Así bajo el supuesto nihilismo, la etapa postmoderna, aquella que se alzó contra los principios más hirientes de la modernidad, se identificó con un individualismo hedonista, que huía como de la peste de los colectivismos en que el individuo quedaba disuelto; con un relativismo o un vacío de valores, fruto de la crisis de los grandes relatos a que condujo el fracaso de la modernidad –anticipada por la simbólica muerte de Dios-; con un culto al cuerpo, a lo sensible, a lo superficial derivado de ese hedonismo; y una exaltación del presente menospreciando el valor del pasado, contra el que se oponían; y de un futuro lleno de incertidumbre.

Pero esta expresión nihilista ha ido evolucionando y podemos reconocer que no es exactamente la misma en los años ochenta que en la actualidad.

Los grandes relatos siguen sin cuajar, porque el único que se mantiene vivo, porque es el discurso legitimador del poder económico, es el neoliberalismo, y no creo que se pueda afirmar que sea reconocido como deseable por una mayoría. Sin embargo, el individualismo que podría generar la falta de un relato unificador se ha transformado con el tiempo en una red de cooperación ciudadana donde quien ha quedado expulsado, por desconfianza, ha sido el estado, el representante del “discurso engañoso”. Los individuos son más pragmáticos, huyen de las grandes palabras, pero se asocian con agilidad para organizar un comedor diario que auxilie a cien familias del barrio que están en situación de pobreza extrema.
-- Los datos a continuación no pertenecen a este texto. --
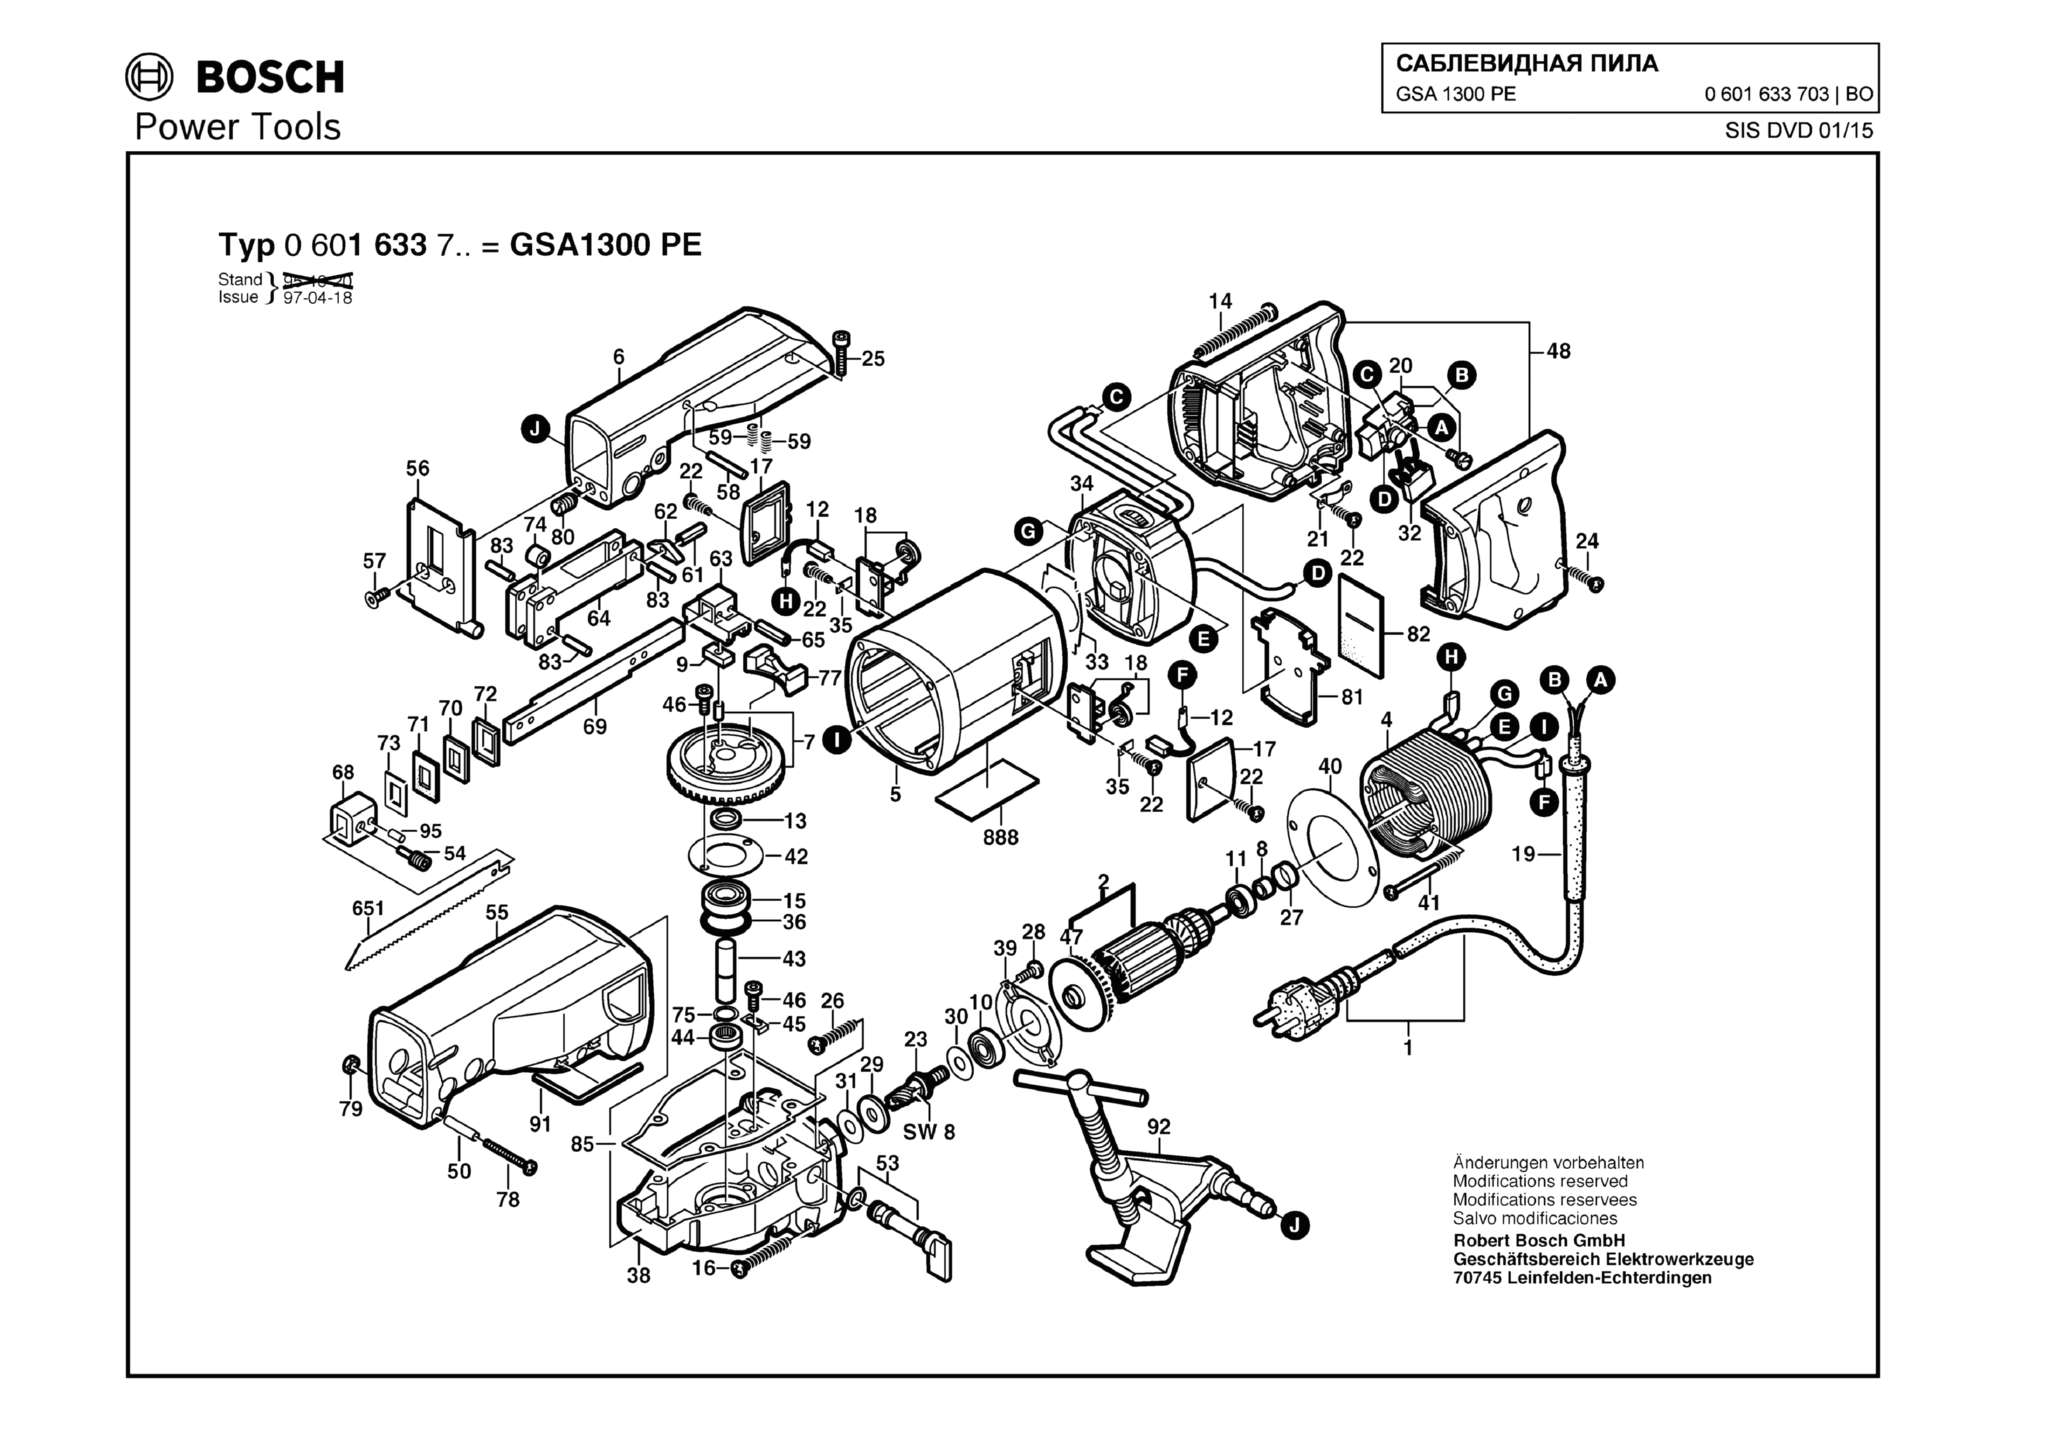 Запчасти, схема и деталировка Bosch GSA 1300 PE (ТИП 0601633703)
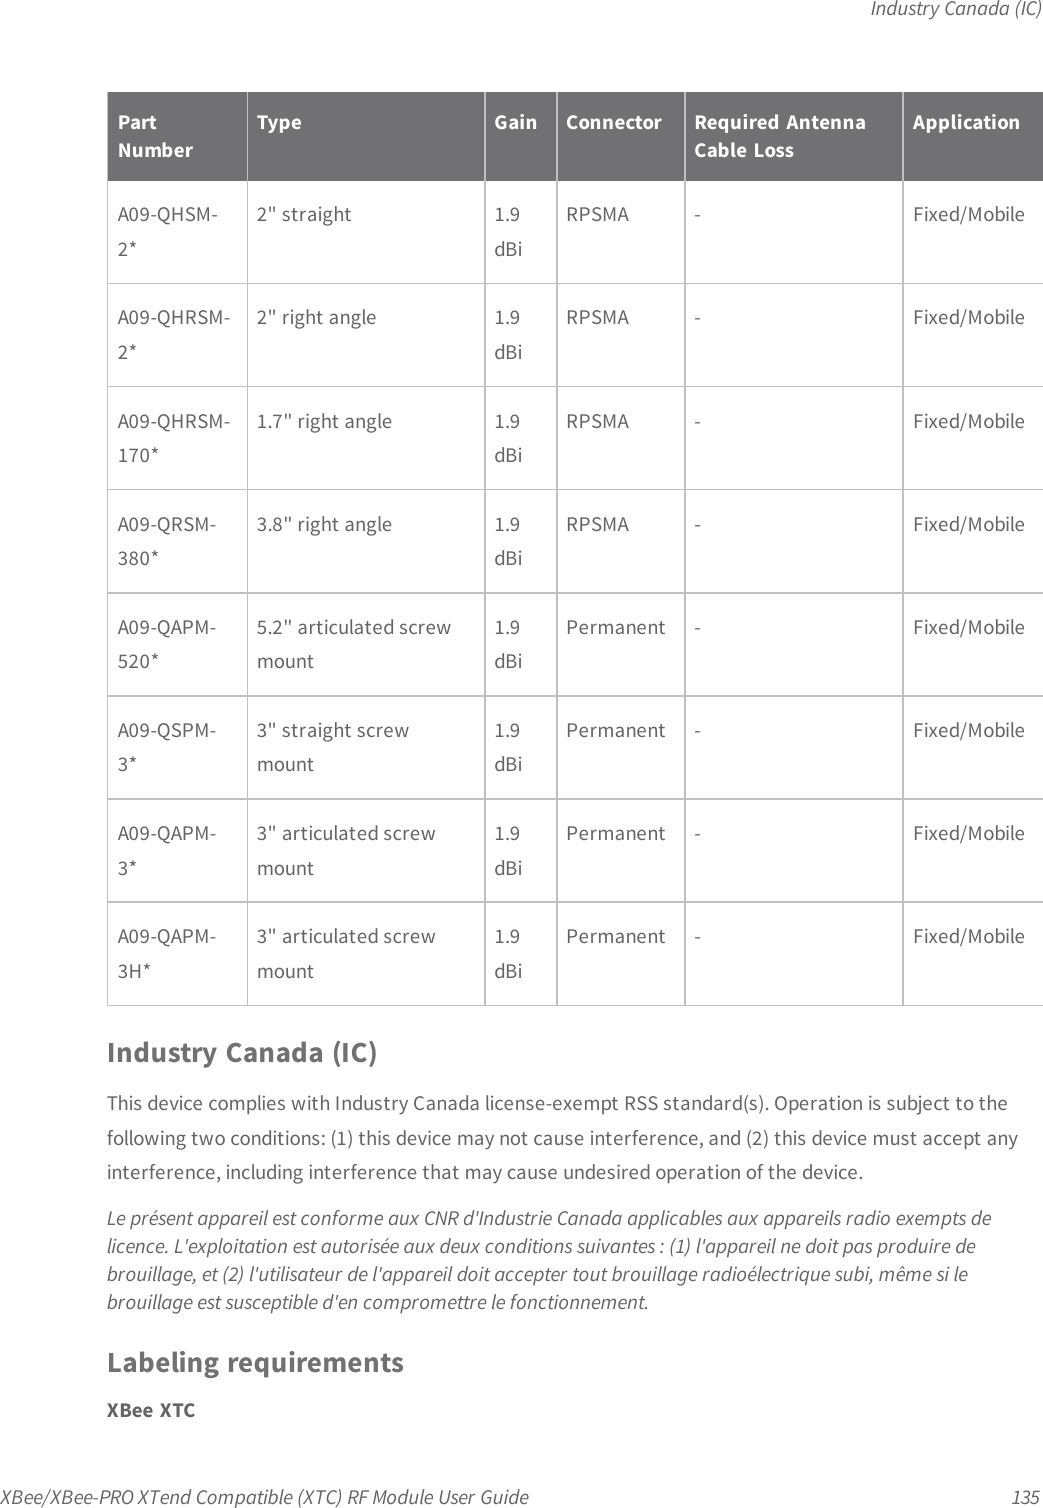 Industry Canada (IC)XBee/XBee-PRO XTend Compatible (XTC) RF Module User Guide 135PartNumberType Gain Connector Required AntennaCable LossApplicationA09-QHSM-2*2&quot; straight 1.9dBiRPSMA - Fixed/MobileA09-QHRSM-2*2&quot;  right angle 1.9dBiRPSMA - Fixed/MobileA09-QHRSM-170*1.7&quot;  right angle 1.9dBiRPSMA - Fixed/MobileA09-QRSM-380*3.8&quot;  right angle 1.9dBiRPSMA - Fixed/MobileA09-QAPM-520*5.2&quot;  articulated screwmount1.9dBiPermanent - Fixed/MobileA09-QSPM-3*3&quot;  straight screwmount1.9dBiPermanent - Fixed/MobileA09-QAPM-3*3&quot; articulated screwmount1.9dBiPermanent - Fixed/MobileA09-QAPM-3H*3&quot;  articulated screwmount1.9dBiPermanent - Fixed/MobileIndustry Canada (IC)This device complies with Industry Canada license-exempt RSS standard(s). Operation is subject to thefollowing two conditions: (1) this device may not cause interference, and (2) this device must accept anyinterference, including interference that may cause undesired operation of the device.Le présent appareil est conforme aux CNR d&apos;Industrie Canada applicables aux appareils radio exempts delicence. L&apos;exploitation est autorisée aux deux conditions suivantes : (1) l&apos;appareil ne doit pas produire debrouillage, et (2) l&apos;utilisateur de l&apos;appareil doit accepter tout brouillage radioélectrique subi, même si lebrouillage est susceptible d&apos;en compromettre le fonctionnement.Labeling requirementsXBee XTC

Saben que su aportación y su esfuerzo no son manipulados ni tergiversado, ni usado fraudulentamente.

La solidaridad se ha convertido en la respuesta a las palabras vacías que ha desbordado la voluntad de las instituciones y ha evidenciado que hay problemas que no se solucionan por falta de voluntad política, no por falta de recursos que han facilitado los ciudadanos sin reparos.

El nihilista del SXXI no tiene esperanza. La existencia parece un sin sentido, la sociedad occidental ha llegado al punto más álgido de decadencia, de momento, en su historia, en todos los aspectos, sin que haga falta listarlos y argumentarlos uno a uno. Sin embargo, y aunque no haya valores más allá de los que cada sujeto se da a sí mismo, al nihilista –como a otros- no deja de sorprenderle la concordancia en un valor que es demasiado humano, que diría Nietzsche en un sentido algo peyorativo, como es la solidaridad. Si algo tiene claro el hombre de hoy, es un cierto sentido del dolor y el malestar del otro, motivo suficiente para que yo me implique en la medida que pueda en paliar ese sufrimiento. Tenga o no tenga sentido vivir, lo que no podemos es restar impasibles ante el mal vivir ajeno cuando vemos que son víctimas claras de la maldad de otros.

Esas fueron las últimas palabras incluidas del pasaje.